À cause de lui, j’ai souvent passé des nuits blanches. D’impuissance. J’avais plusieurs fois appelé la police ; quand enfin quelqu’un décrochait, il enregistrait gentiment ma plainte, mais l’affaire restait sans suite. Pendant ce temps, Grand Pied reprenait de plus belle ses tours dans la forêt, un chapelet de collets sur le bras, en maugréant. Telle une petite divinité malfaisante. Cruelle et imprévisible. Il était toujours légèrement éméché, ce qui devait sans doute exacerber sa mauvaise humeur. Tout en marmottant, il donnait des coups de bâton sur les troncs d’arbres, comme s’il voulait les chasser de son chemin. On aurait dit qu’il était né en état d’ébriété. Que de fois ai-je refait son itinéraire, ramassant ses pièges, de grossiers collets de fil de fer reliés à de jeunes arbres recourbés en flexion, de sorte que l’animal pris soit d’abord projeté en l’air, comme par un lance-pierres, avant de pendre au bout d’une corde. Parfois, je trouvais des animaux morts – lièvres, blaireaux, chevreuils.

– Il faut le déplacer sur le divan, dit soudain Matoga.

Cela ne m’a pas plu. Je n’aimais pas l’idée de devoir le toucher.

– Je pense que nous devrions attendre l’arrivée de la police, déclarai-je, mais Matoga avait déjà fait de la place sur le divan et retroussait ses manches en me fixant de ses yeux clairs.

– Toi, tu ne voudrais pas qu’on te retrouve dans cet état-là. C’est proprement inhumain.

Il avait raison, le corps humain est inhumain. Surtout quand il est mort.

N’était-ce pas un sombre paradoxe que de devoir nous occuper de la dépouille de Grand Pied ? Pourquoi nous avait-il laissé ce dernier désagrément ? Précisément à nous, ses voisins, qu’il ne respectait pas, n’aimait pas et considérait comme des moins que rien.

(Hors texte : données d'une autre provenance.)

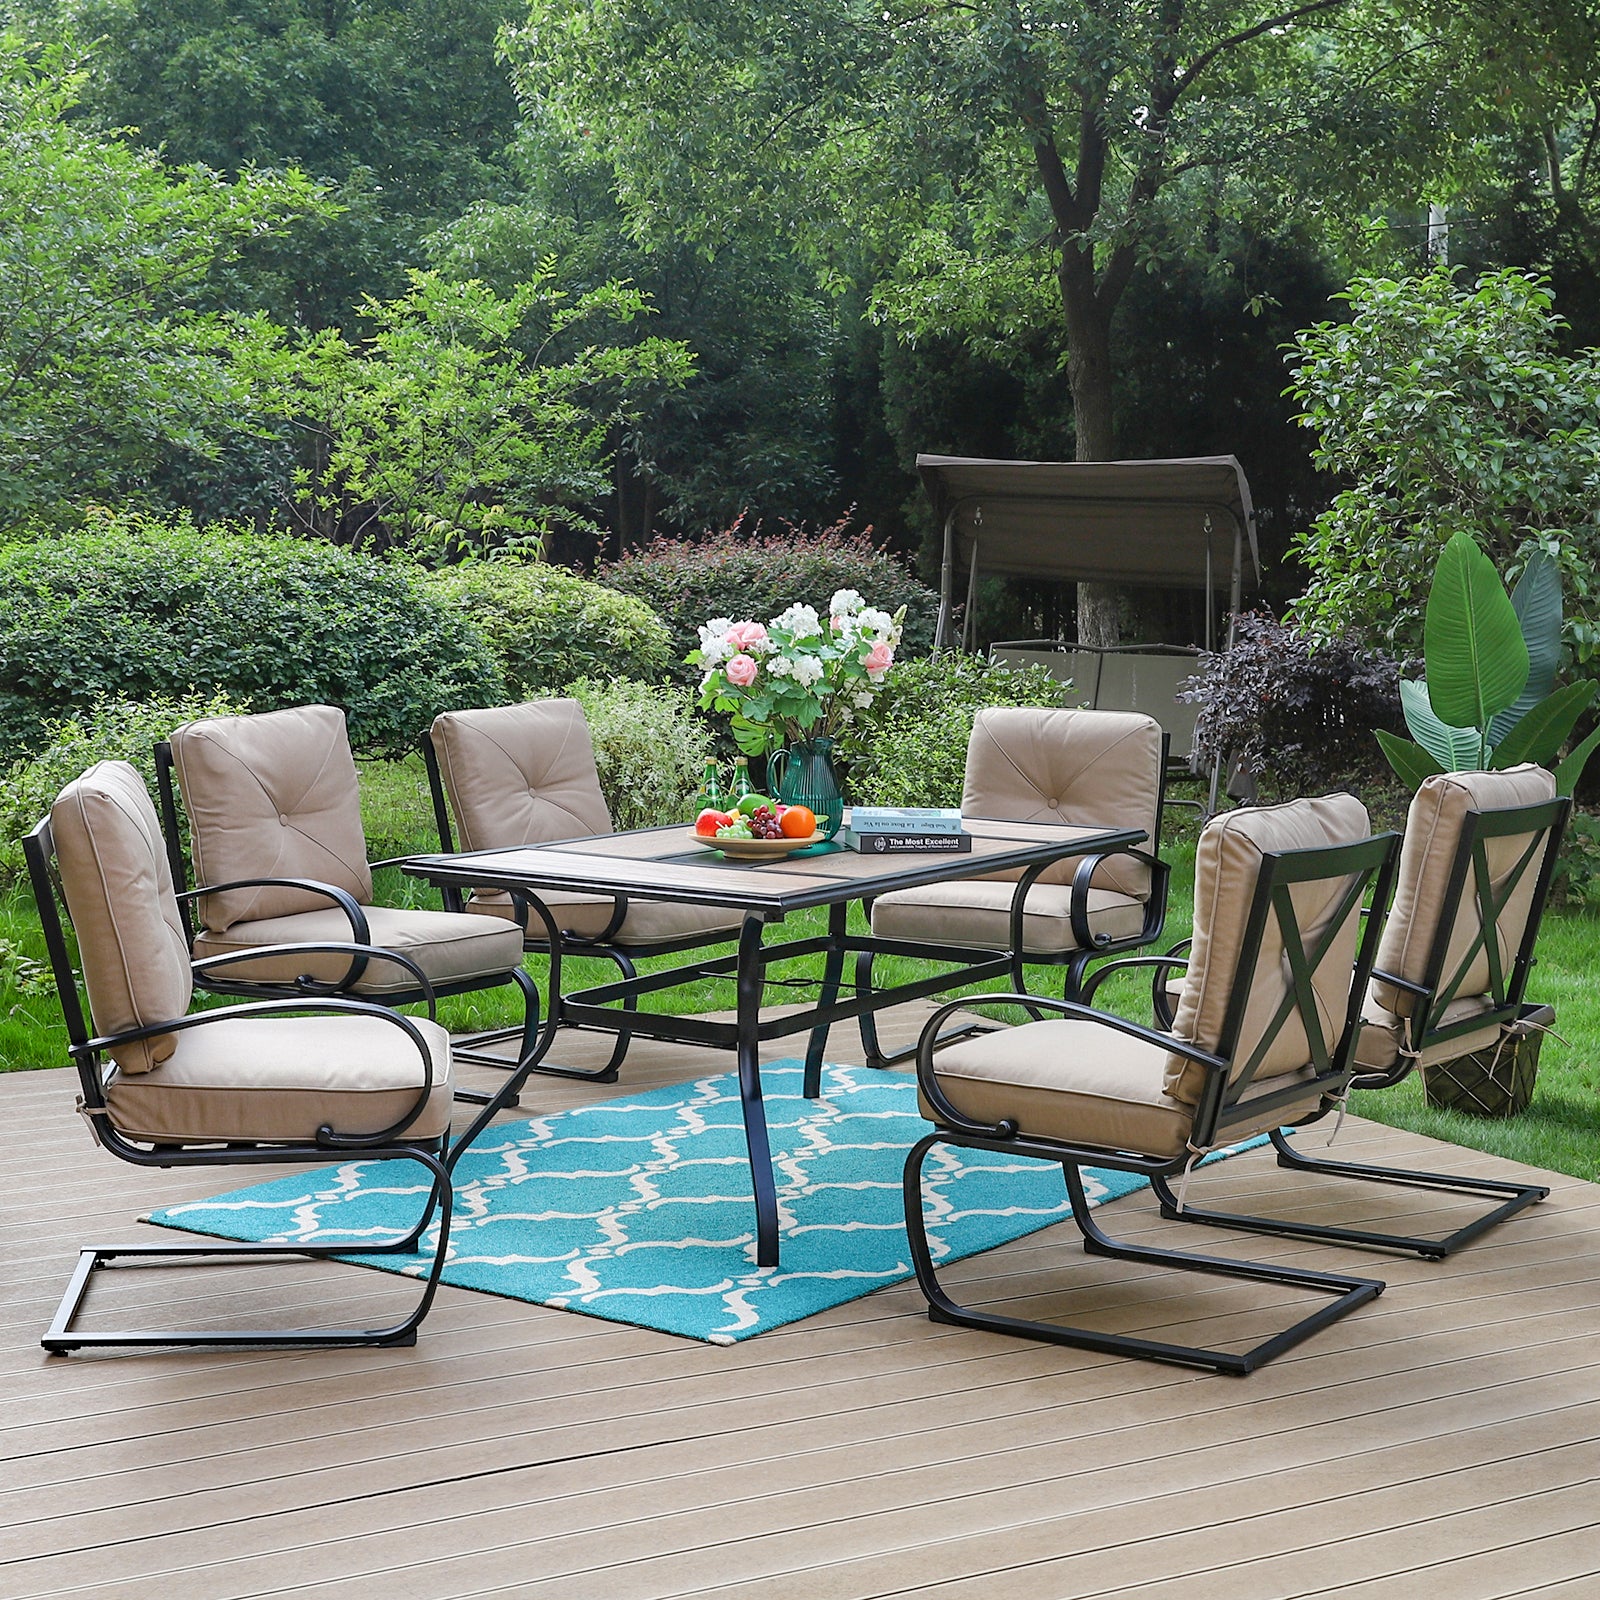 Sophia & William Geometric Table & 6 Cushioned C-spring Dining Chairs Outdoor Patio Dining Set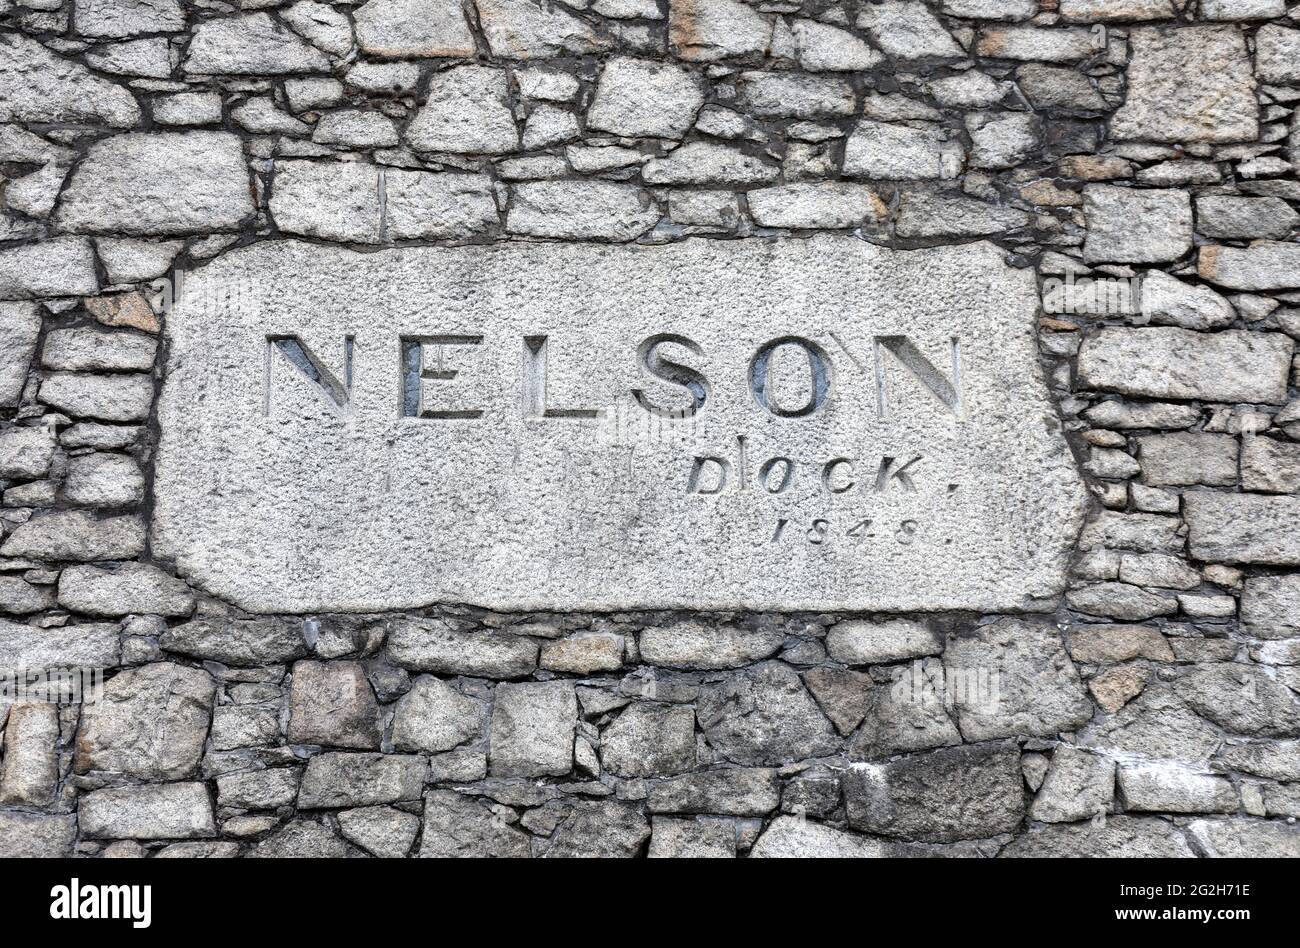 Nelson Dock sign in the boundary wall at Liverpool Stock Photo

Selon moi, la mort devrait aboutir à l’annihilation de la matière. Pour le corps, ce serait de loin la meilleure solution. De cette façon, les corps annihilés reviendraient directement dans les trous noirs dont ils sont issus. Les âmes, à la vitesse de la lumière, iraient vers la lumière. Si tant est que l’âme existe.

C’est donc au prix de terribles efforts que j’ai consenti à faire tout ce que me disait Matoga. Nous avons saisi le corps par les bras et les pieds et l’avons transporté jusqu’au canapé. J’ai réalisé avec stupeur que le cadavre était lourd, mais il ne semblait pas vraiment inerte, plutôt obstinément rigide, rêche comme des draps amidonnés tout juste passés à la calandre. J’ai entrevu ses chaussettes, ou plus exactement ce qu’il portait aux pieds et qui faisait office de chaussettes : des chiffons crasseux, des bandes de draps déchirés, d’une teinte grisâtre et couvertes de taches. J’ignore pourquoi la vue de ces chiffons m’a si profondément bouleversée, frappée en pleine poitrine, au plexus, secouant tout mon corps de sorte que je n’arrivais plus à contenir mes sanglots. Matoga me lança un regard glacial, fugace et réprobateur.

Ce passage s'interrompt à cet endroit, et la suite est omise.